§ PROBLEM TO WORK ON
For the listing below, the answer is an exact retyping of the lines from the one with "Negative SEO Links" through the one with "Cartucho Epson T103320", both included, without pictures.

§ MATERIALS PROVIDED
'''
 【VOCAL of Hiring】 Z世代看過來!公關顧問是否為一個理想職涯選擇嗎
'''
'''
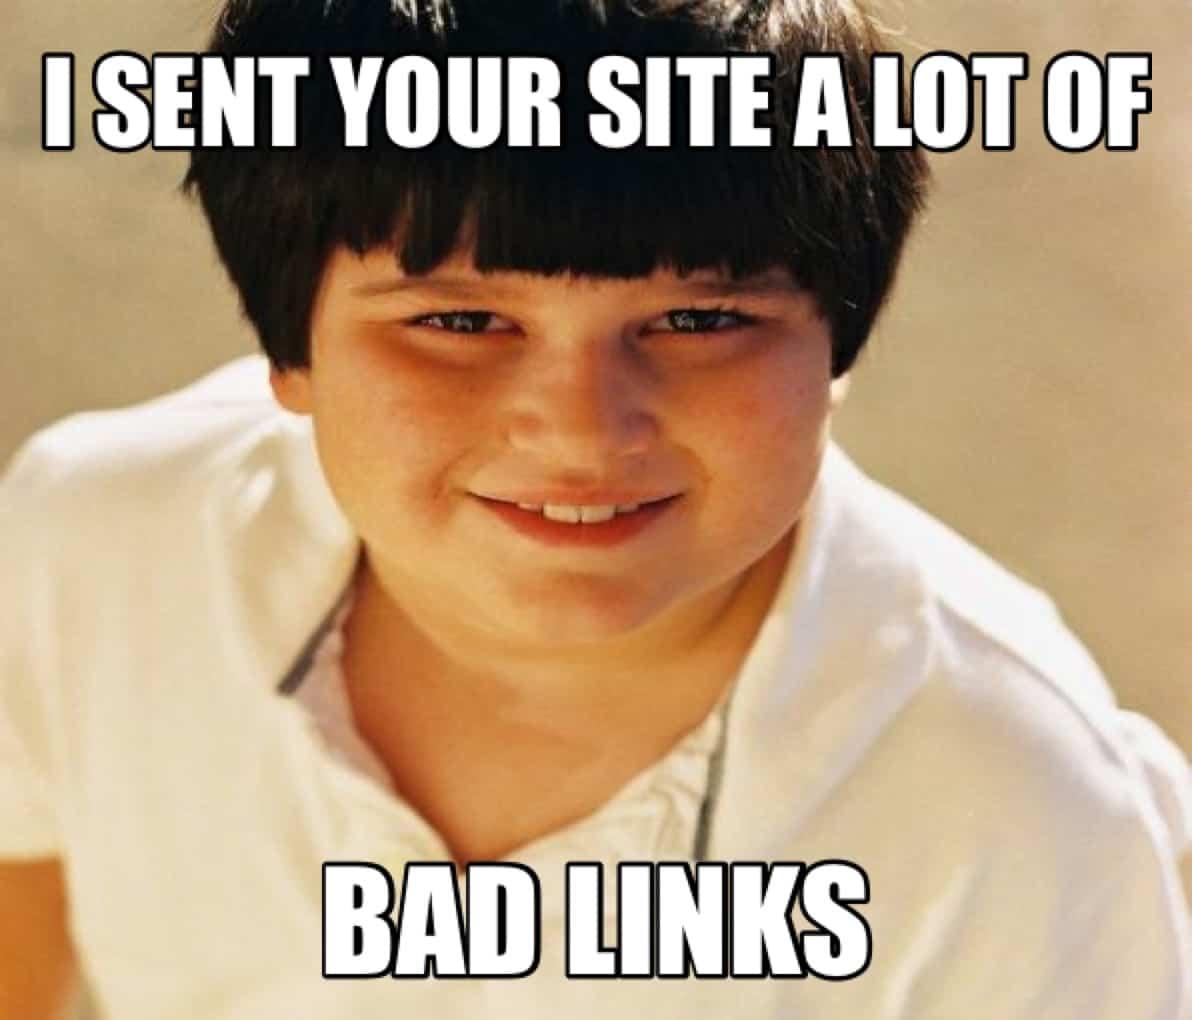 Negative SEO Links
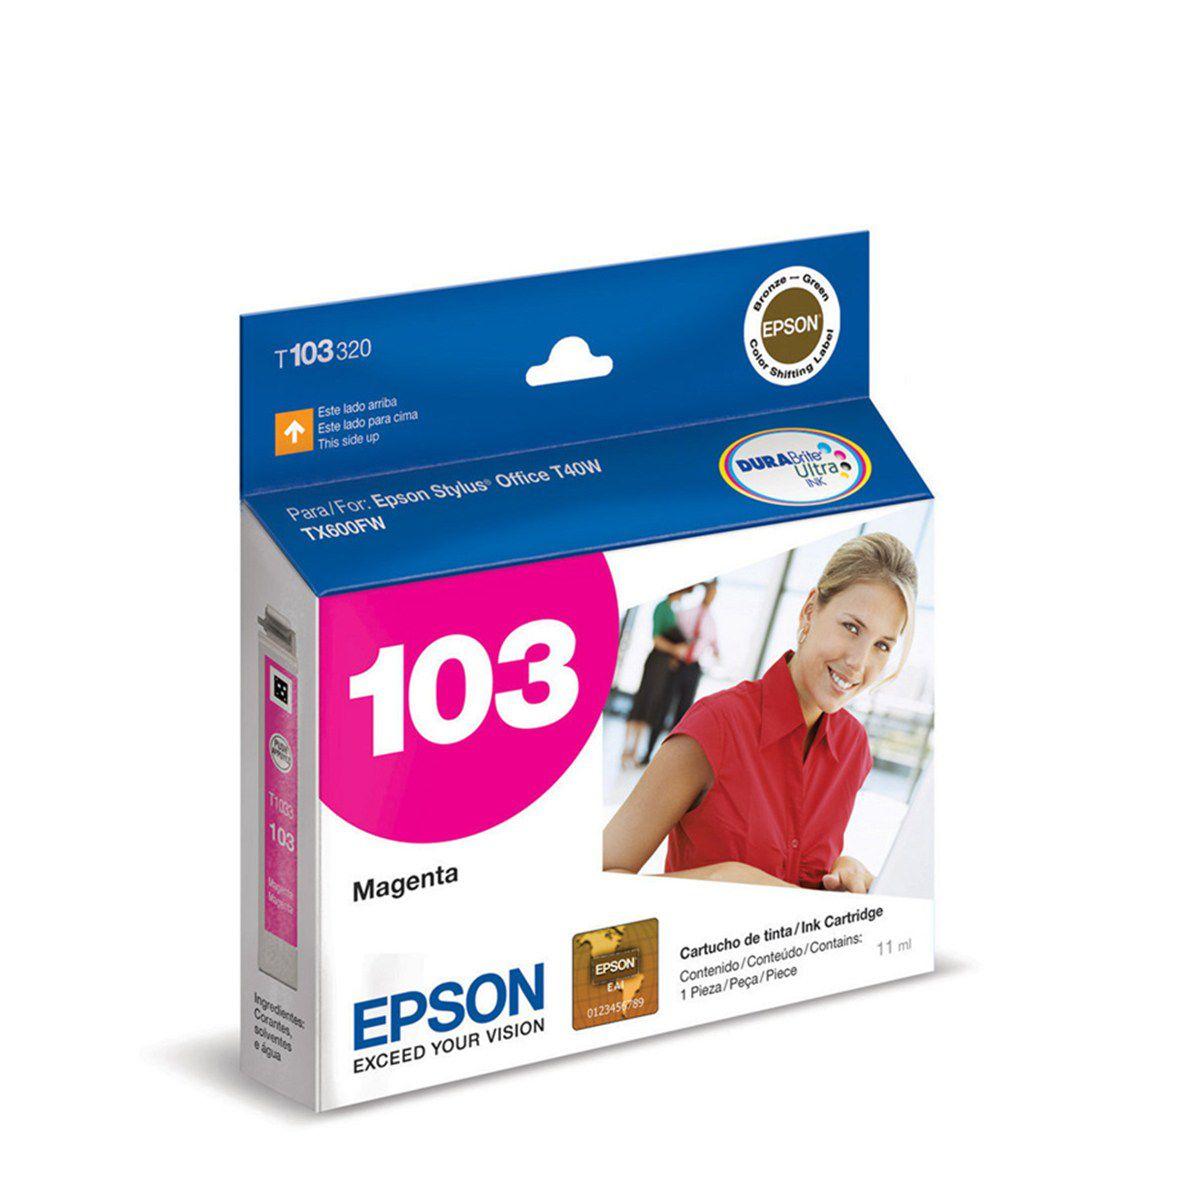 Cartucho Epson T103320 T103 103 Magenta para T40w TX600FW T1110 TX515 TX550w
'''
'''
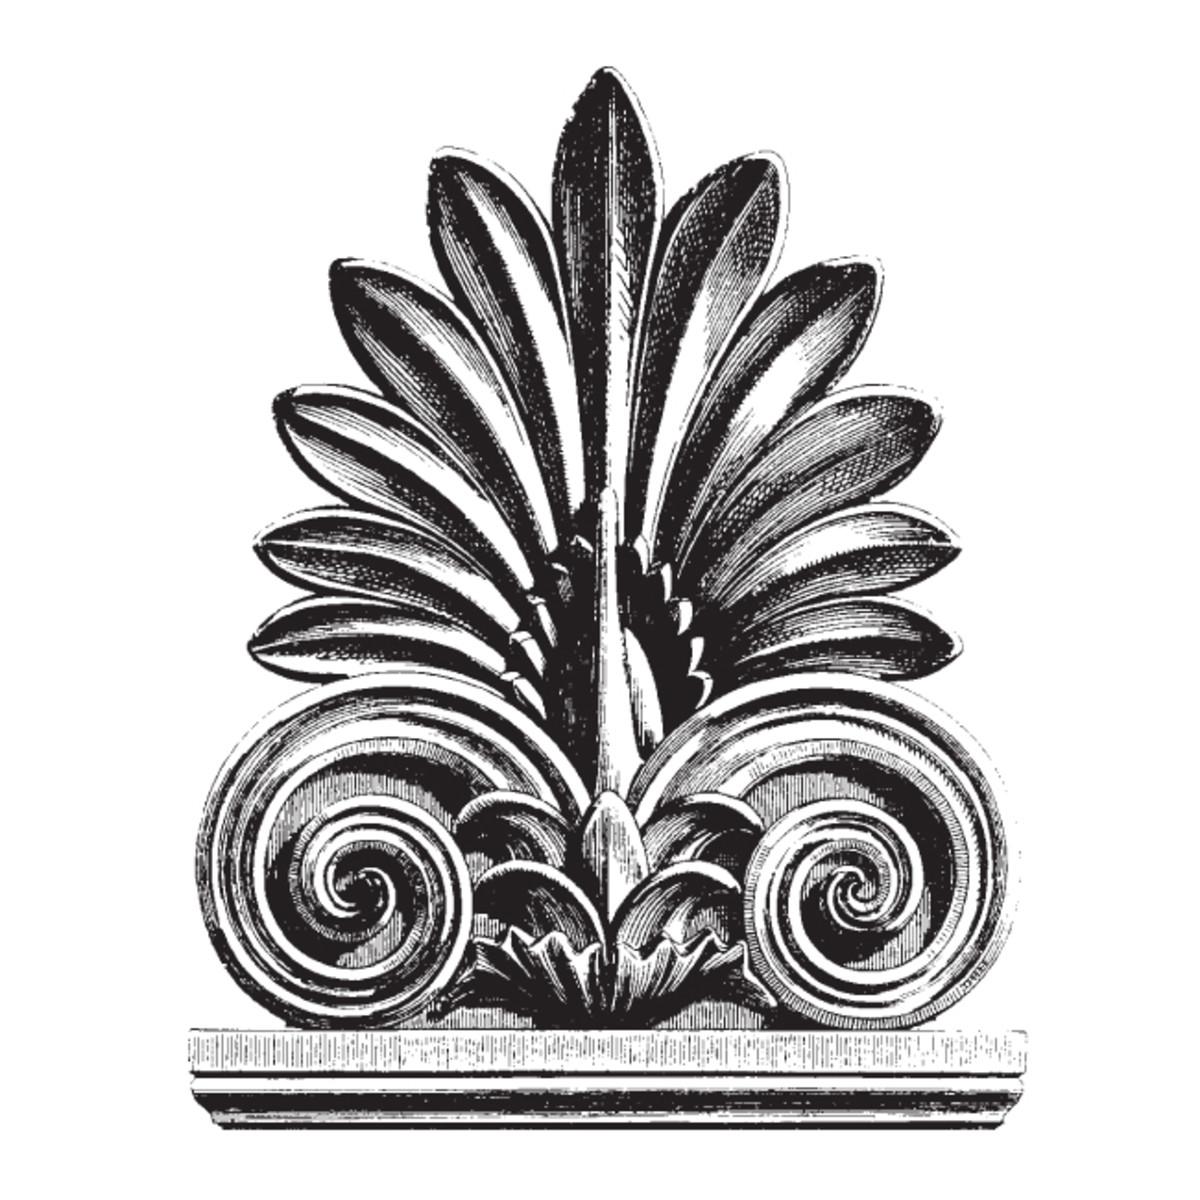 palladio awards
'''
§ SOLUTION TO THE PROBLEM
 Negative SEO Links
 Cartucho Epson T103320 T103 103 Magenta para T40w TX600FW T1110 TX515 TX550w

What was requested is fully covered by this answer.